Saturday, April 16, 2011

Smokin' Spider

Oh, what a night!

After a crazy cleaning spree last night that postponed bed time until 1am, I'm woken up by a shrill alarm. Having woken up an hour before with the cords of my alarm clock and bed-side lamp in my hand, I didn't think much of it and began pushing every button on my "broken" alarm clock in attempts to silence it. I was worried that it would wake the entire house. It was 4:00 AM, after all.

Sounds from down the hall confirm that my little brother and sister were both up.

"I'm trying to fix it!" I thought as I continued to pound on all of the buttons fixed on top of my alarm clock.

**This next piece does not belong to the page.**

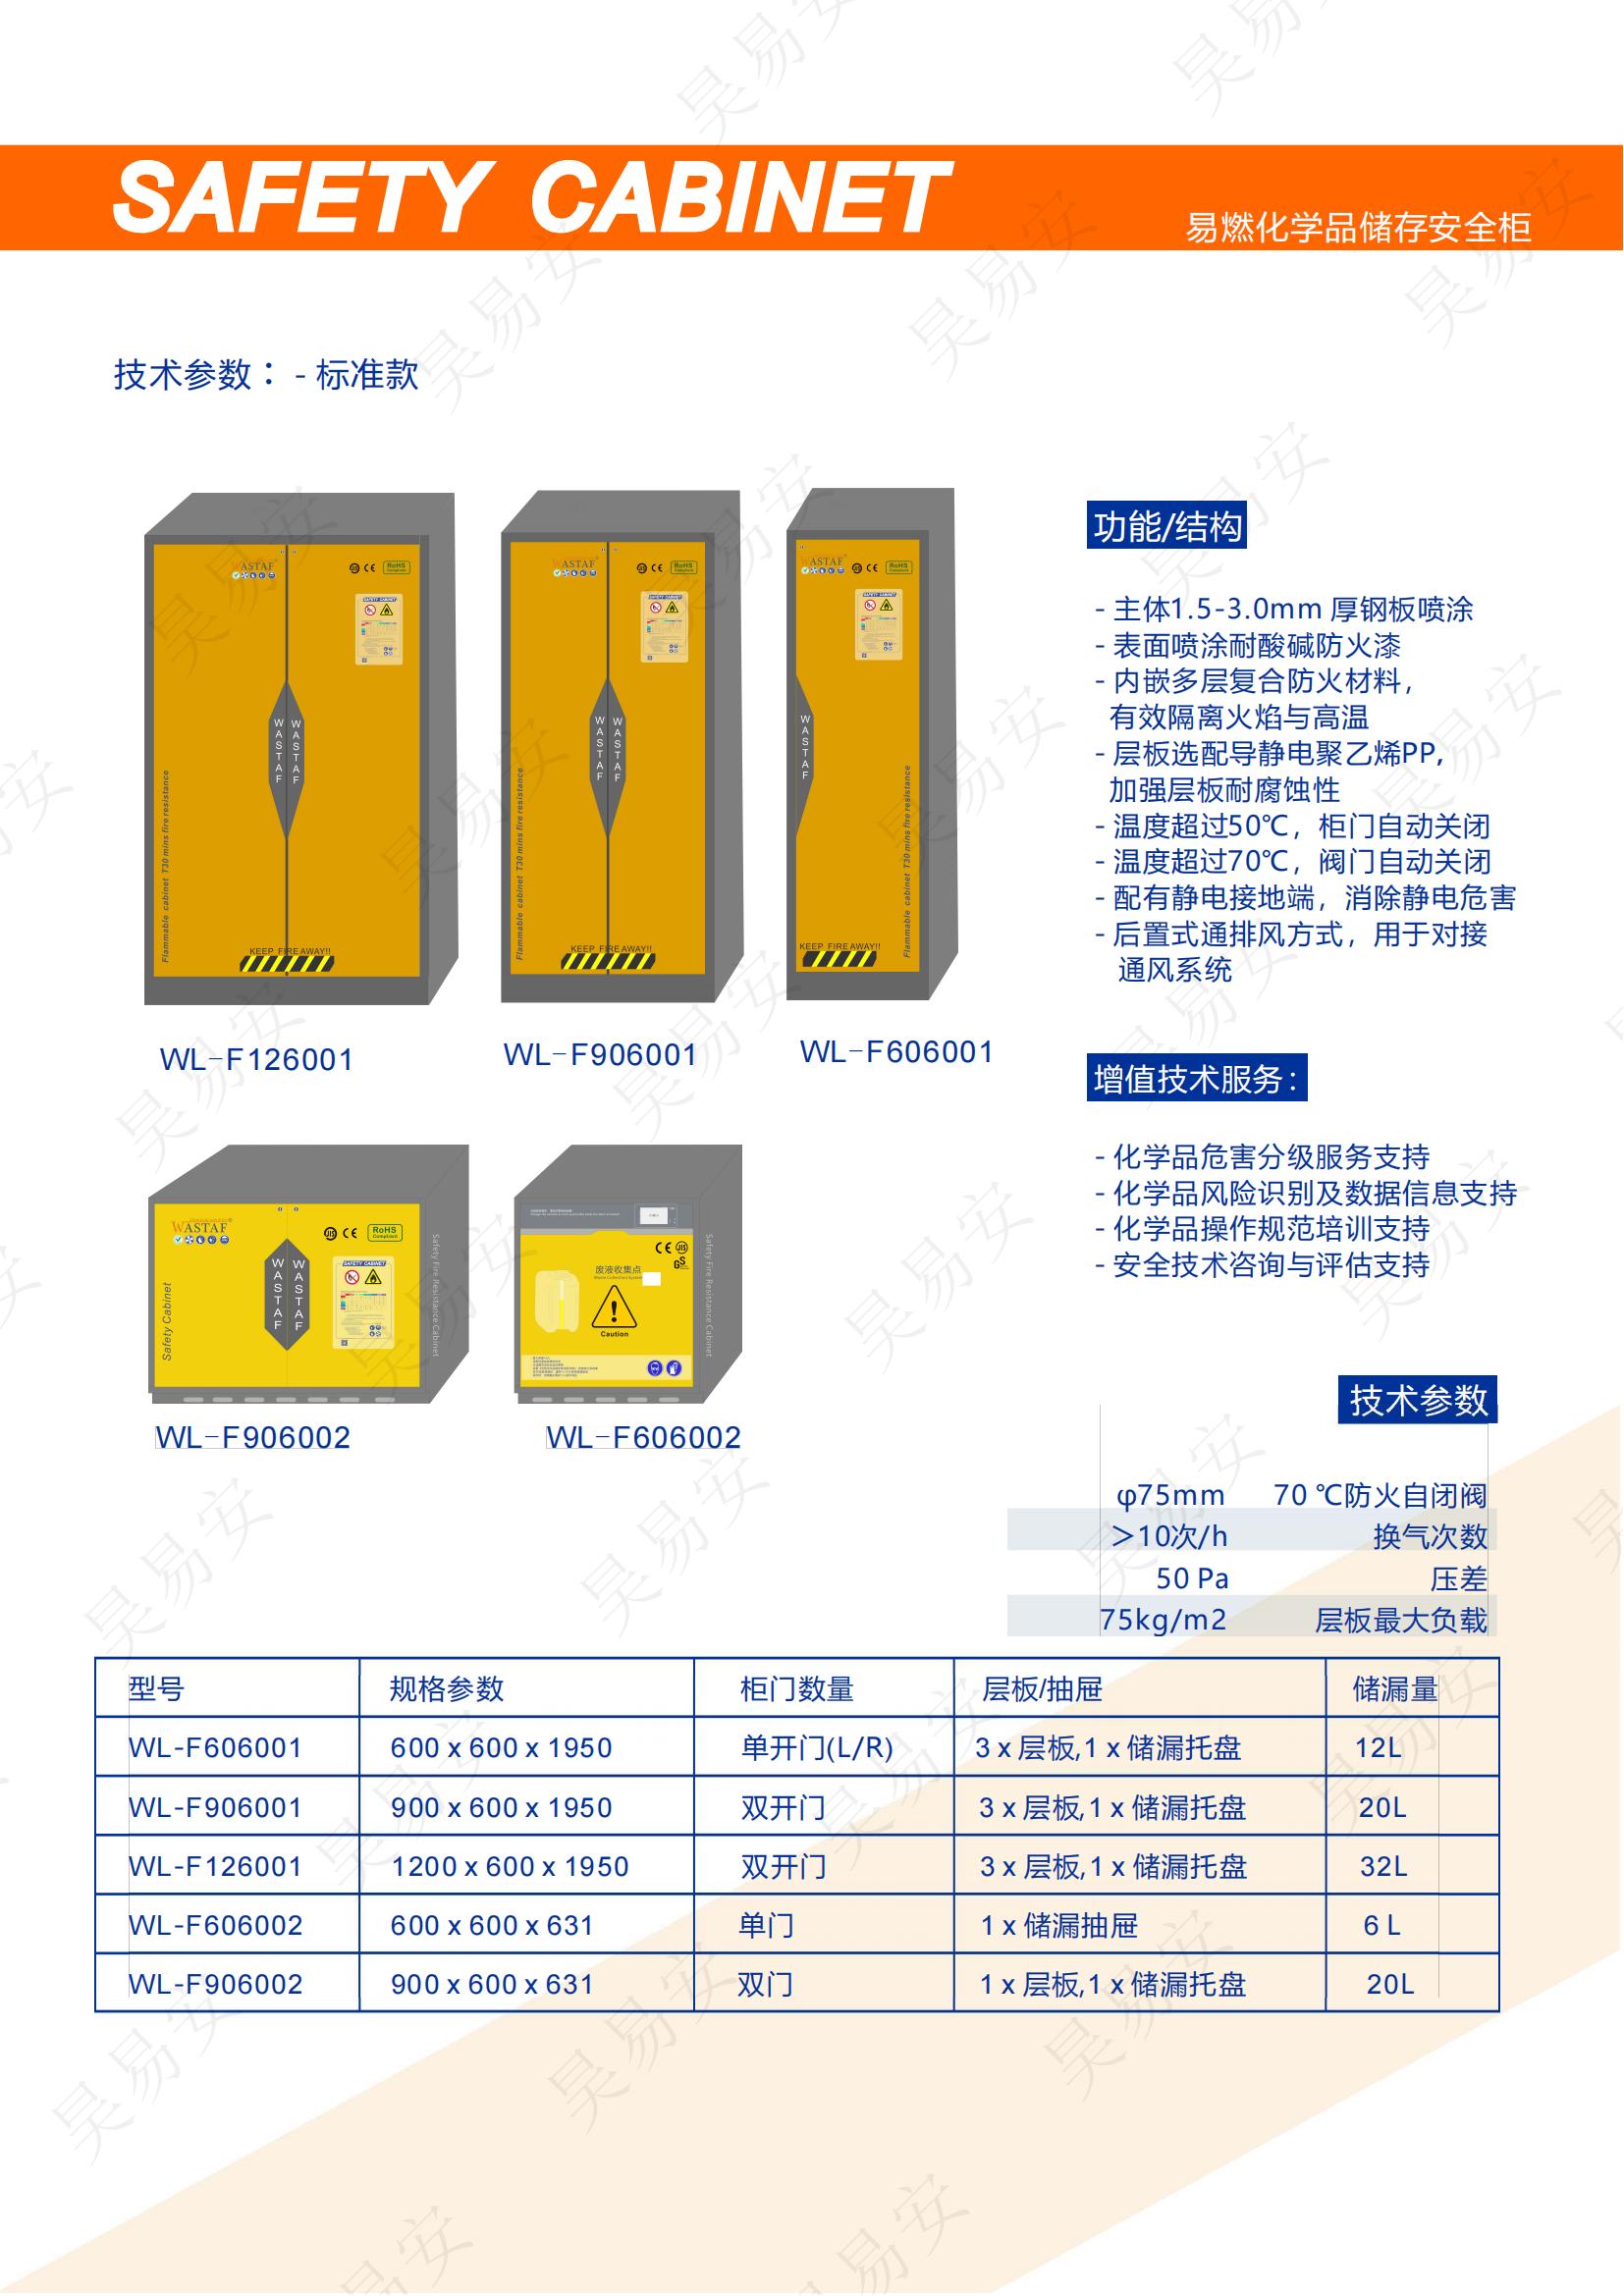 WASTAF 产品目录(1)昊易安_02.png

That's when my youngest sister opened my door and shouted, "Fire! It's saying Fire!"

Everything clicked in a moment.

It was not my alarm clock, but the fire alarms that blared.

That's when the questions began pouring from my groggy brain.

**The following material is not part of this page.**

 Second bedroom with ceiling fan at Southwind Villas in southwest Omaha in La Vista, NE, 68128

Why are the fire alarms going off?

How do we turn them off?

Is there actually a fire?

Everyone grabbed shoes and a jacket and met up in the middle of the house, instinctively grouping. We decided to confirm an actual problem before calling the fire department. After several sweeps of the house for visual or olfactory signs of fire or electrical problems, we concluded that we didn't have a fire on our hands but a malfunctioning alarm system.

Nerves jarred and adrenaline still coursing through my system, I attempted to lay back down for a few more winks at the night. I tossed and turned twice before the alarms went off again. The shrill beeps notified us that something was still amiss and needed attention.

My little brother was on the phone with dispatch in a moment and we had the Sheriff and a slew of volunteer fire fighters in two fire trucks in front of our house in no time.

They used a heat gun on all of the walls to detect fire in the electrical system, and carbon monoxide detectors for, well, carbon monoxide. The only thing they found was an orange blinking light where it should have been green. This let us know that the alarm in my parent's master bedroom was  the culprit.

Of course Mom and Dad would be out of the country when something like this happened.

*tsk, tsk*

We chatted with the firemen for a while and learned that small insects or dust will sometimes get into the fire alarms and set them off at random times. We committed to cleaning the alarms, putting moth balls behind them, and changing the battery in the alarm that went off.

I was just really glad that my cleaning spree had set many things right that would otherwise have been deeply embarrassing. There is no excuse for a messy house.

My little brother climbed a ladder to the vaulted ceiling where the evil fire alarm was placed. Upon examination he discovered a tiny spider.

It might still be in there.

We were Skyping with my parents at the time and everyone agreed that the spider must have been smoking something up there and that's what really set off the alarm; not mere spider legs tickling the sensors.

In any case, bed time was stretched back to 5:00AM and the disruptive sleep has left me feeling a bit queasy. Good thing that today is my day off. Tender mercies come wrapped in strange packages.


  1. Where on EARTH did you find that video? That's hysterical.

  2. It was floating around the internet a few years ago. I just figured that it was fitting to share with this post. :)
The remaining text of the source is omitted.